My Struggle With “Education”
Since this is a post about education, let’s talk about sex...
Whenever I want to gain a better understanding of some aspect of human nature, sex is my go-to analogy. After all, nothing is more natural than sex, and nothing defies being denatured and mechanized like sex. (Although that hasn’t stopped people from trying endlessly!) If you’ve ever experienced really amazing sex — the kind that elevates you physically, emotionally, and spiritually — then you know it’s a primal, natural, integral aspect of your Whole Self.
In that sense, I believe that nature intended education to be like really good sex:
- You do it because you feel a passionate desire to connect (with a person or with a body of knowledge).
- You do it for love, not for money or status.
- You don’t do it when you feel pressured or coerced.
- You don’t do it only at predesignated times.
- You don’t do it only in one place designated for that purpose.
- You do it when you feel “turned on” and inspired.
- It can happen in a variety of places.
- It’s consensual: you can say “yes,” say “no,” or change your mind at any point in the process.
- Being forced to do it is (or should be) illegal.
- You can do it alone, with a partner, or in a group. :)

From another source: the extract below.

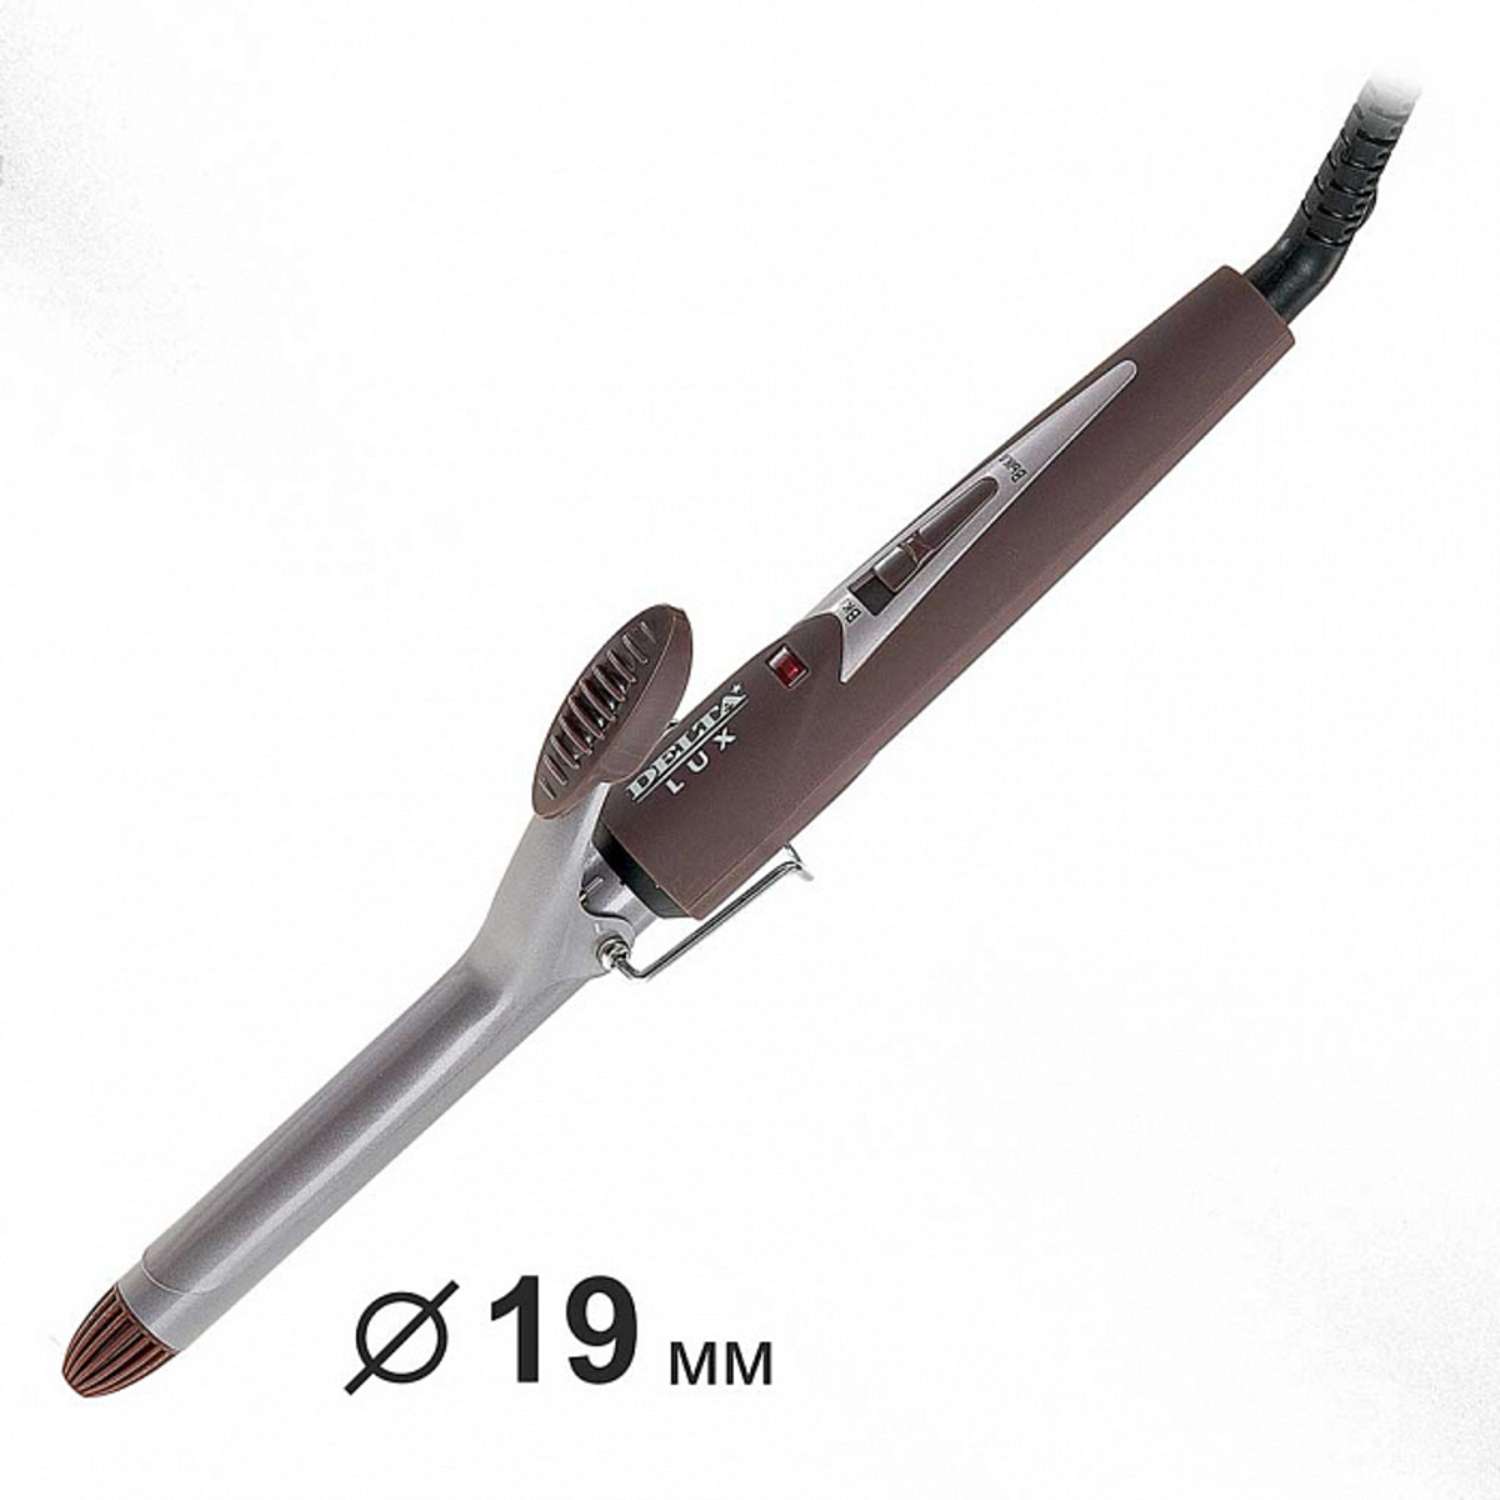 Стайлер для завивки волос Delta Lux DL-0630 коричневый керамическое покрытие d 19 мм 25 Вт - фото 1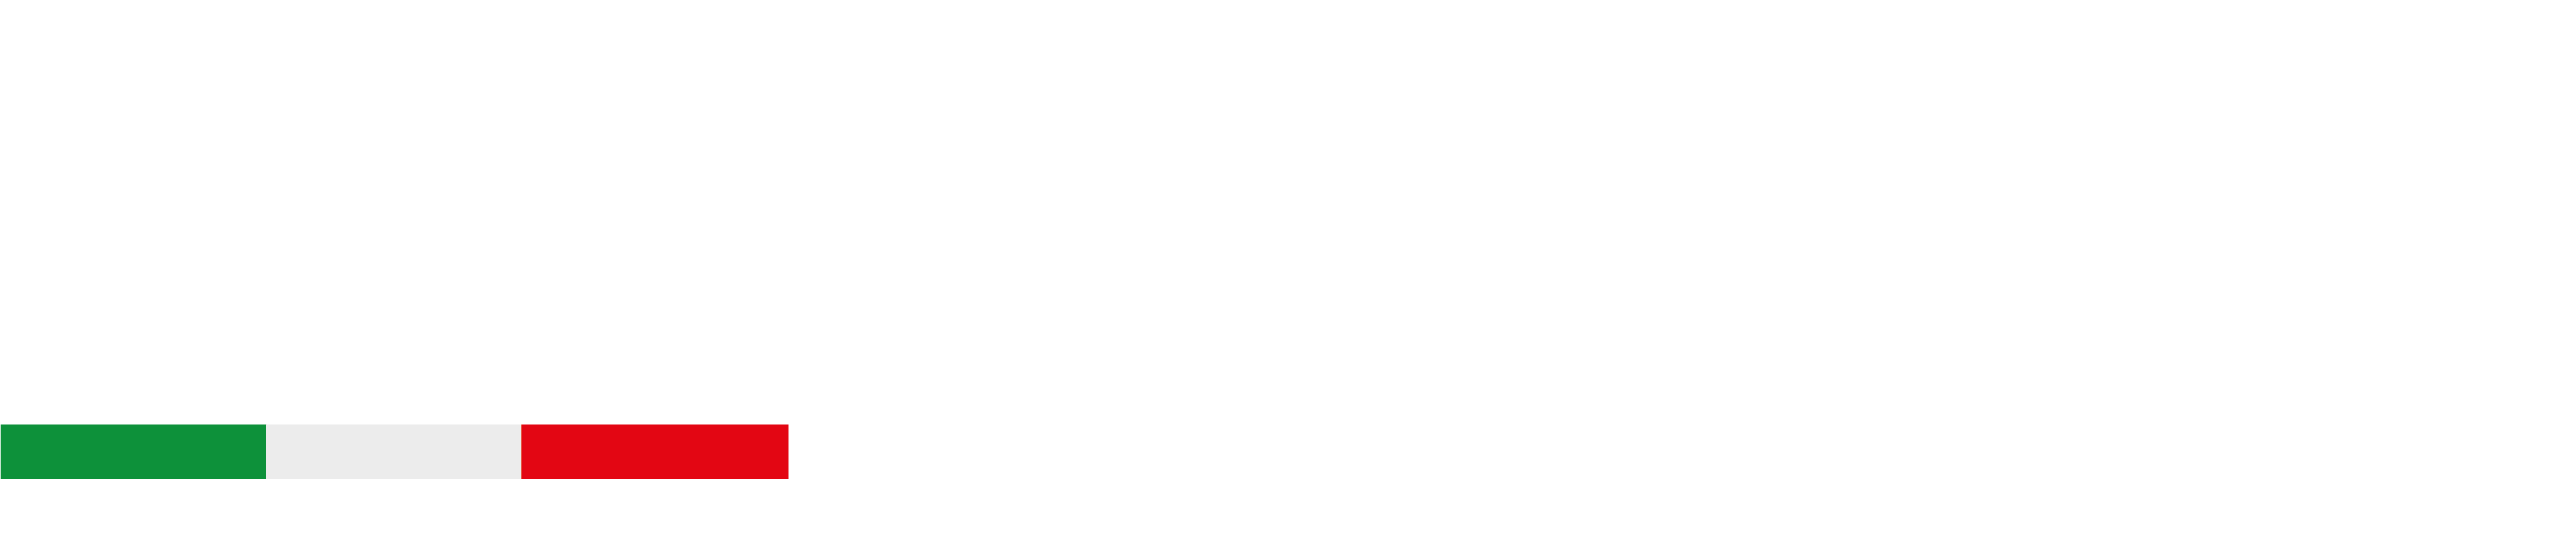 Meet Forum logo_white

Real education is like great sex in that the obvious parts of the process are, in both cases, only a fraction of the whole process. The peak moments are usually preceded by long periods of interacting with the person or subject of interest, in a variety of seemingly unrelated contexts.
Clearly, the list above doesn’t apply to conventional schooling. But education is not the same as schooling. If authentic education is like great sex, conventional schooling is like a series of forgettable hookups.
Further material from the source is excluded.